TASK STATEMENT: Exact transcription of the data below is required, without the images.

GIVEN INFORMATION:
·····

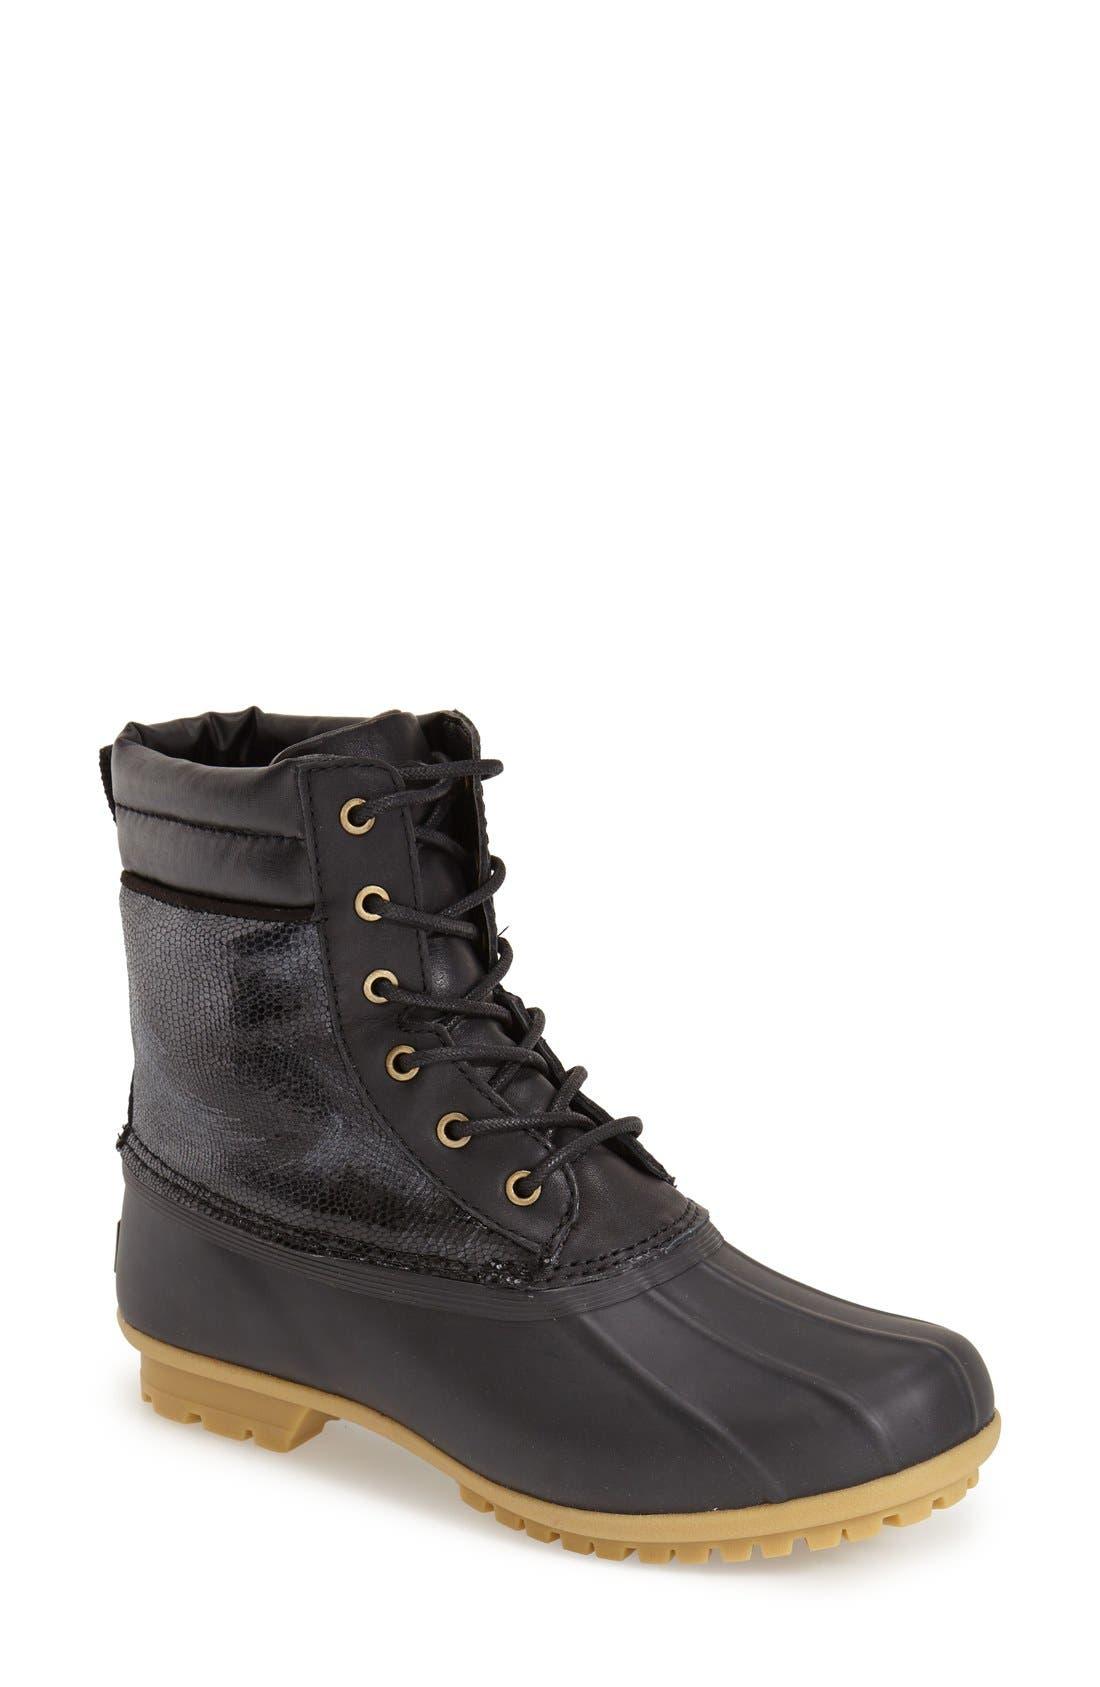 'Caldwell' Rain Boot, Main, color, 001
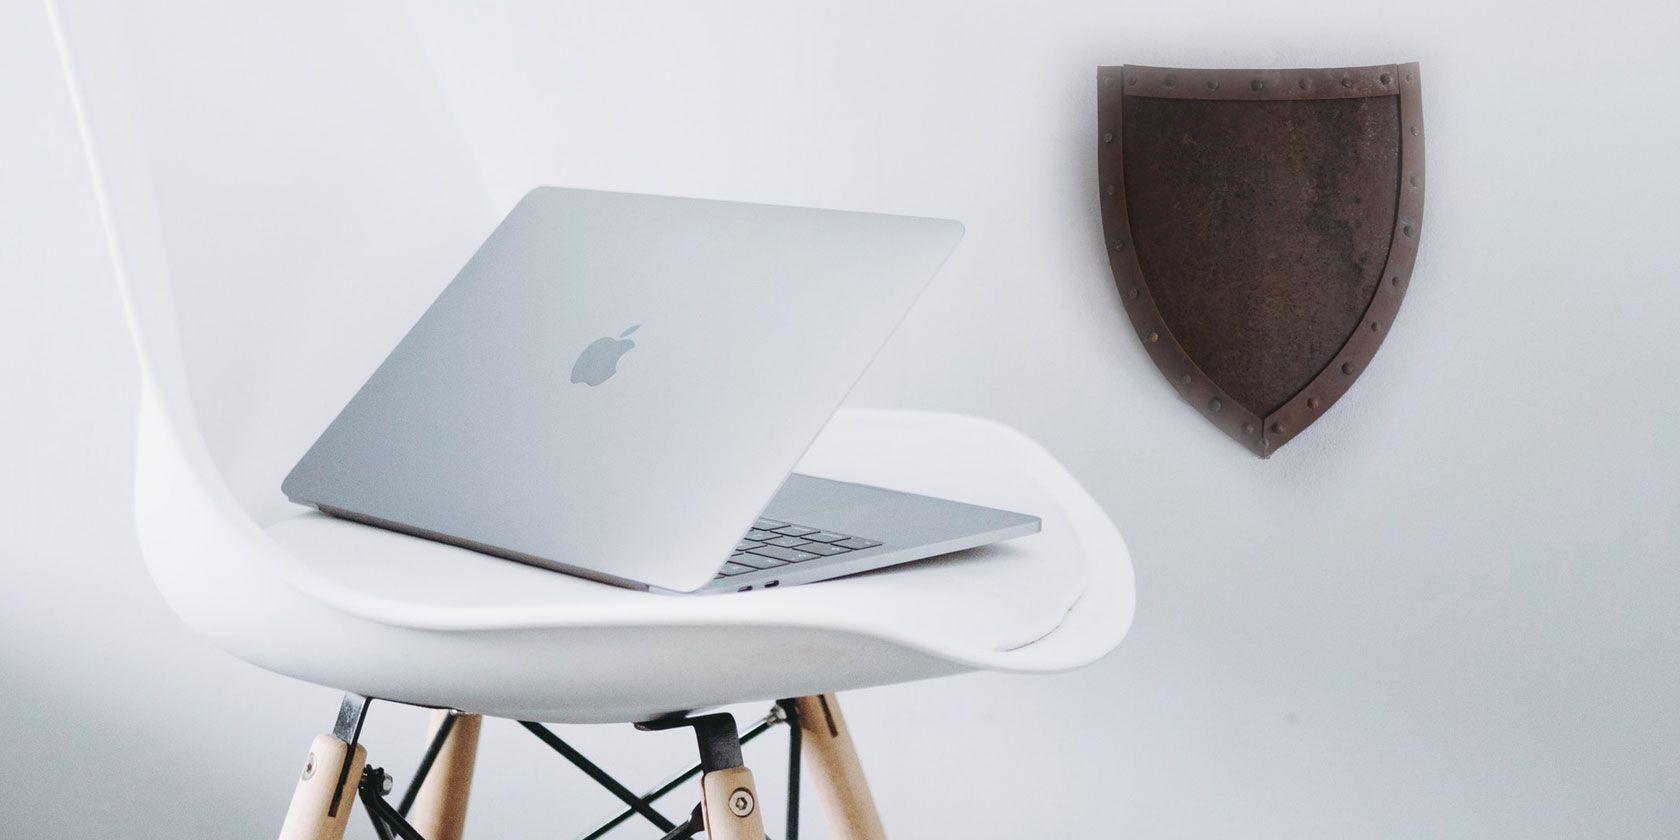 setup-vpn-mac
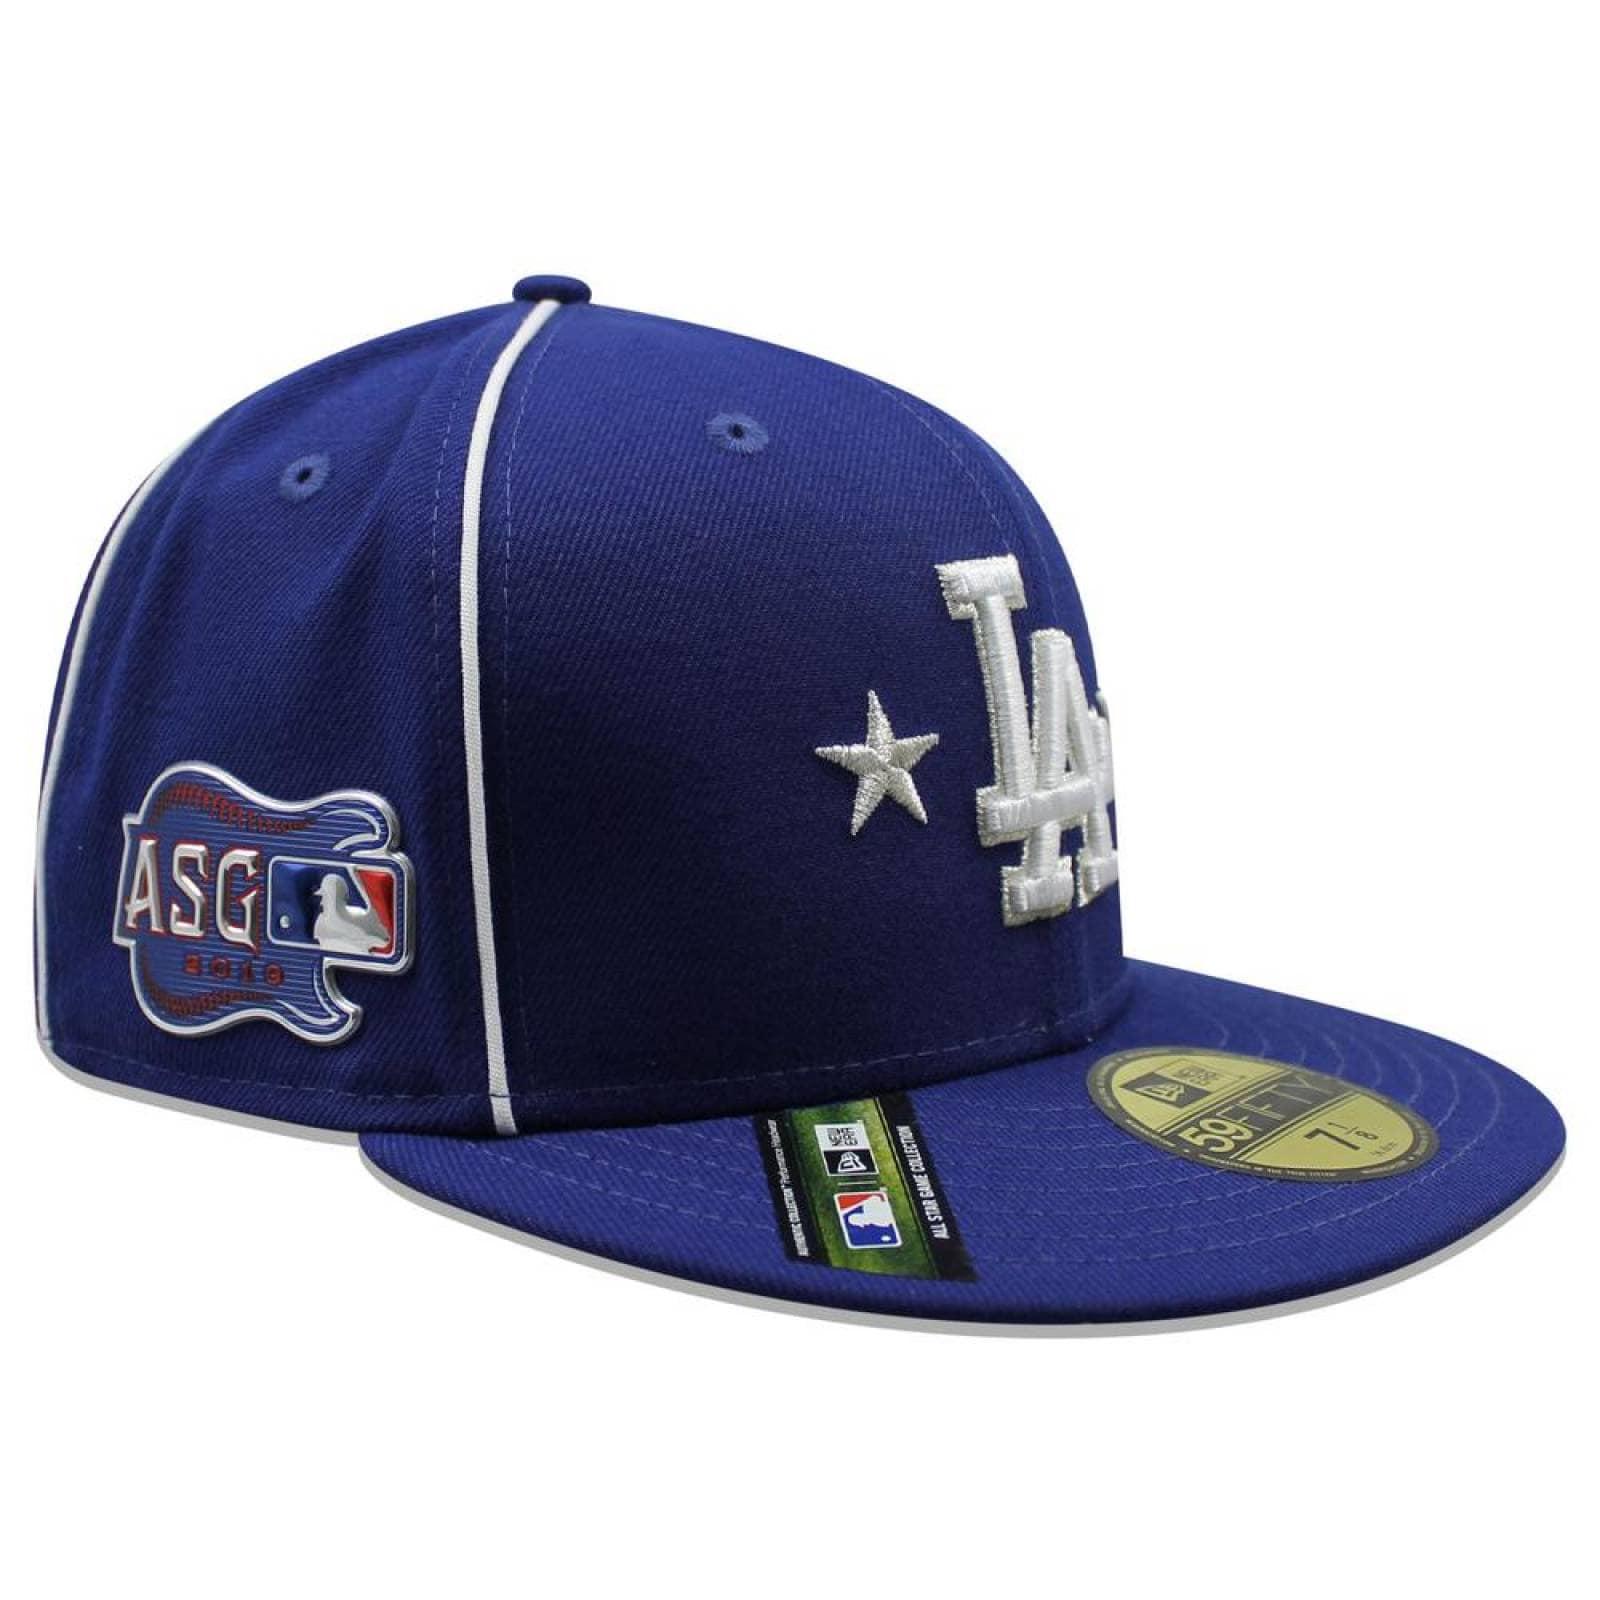 Gorra New Era 59 Fifty MLB Blue Dodgers Star Game 2019 Azul

·····

OUTPUT FOR THIS TASK:
 'Caldwell' Rain Boot, Main, color, 001
 setup-vpn-mac
 Gorra New Era 59 Fifty MLB Blue Dodgers Star Game 2019 Azul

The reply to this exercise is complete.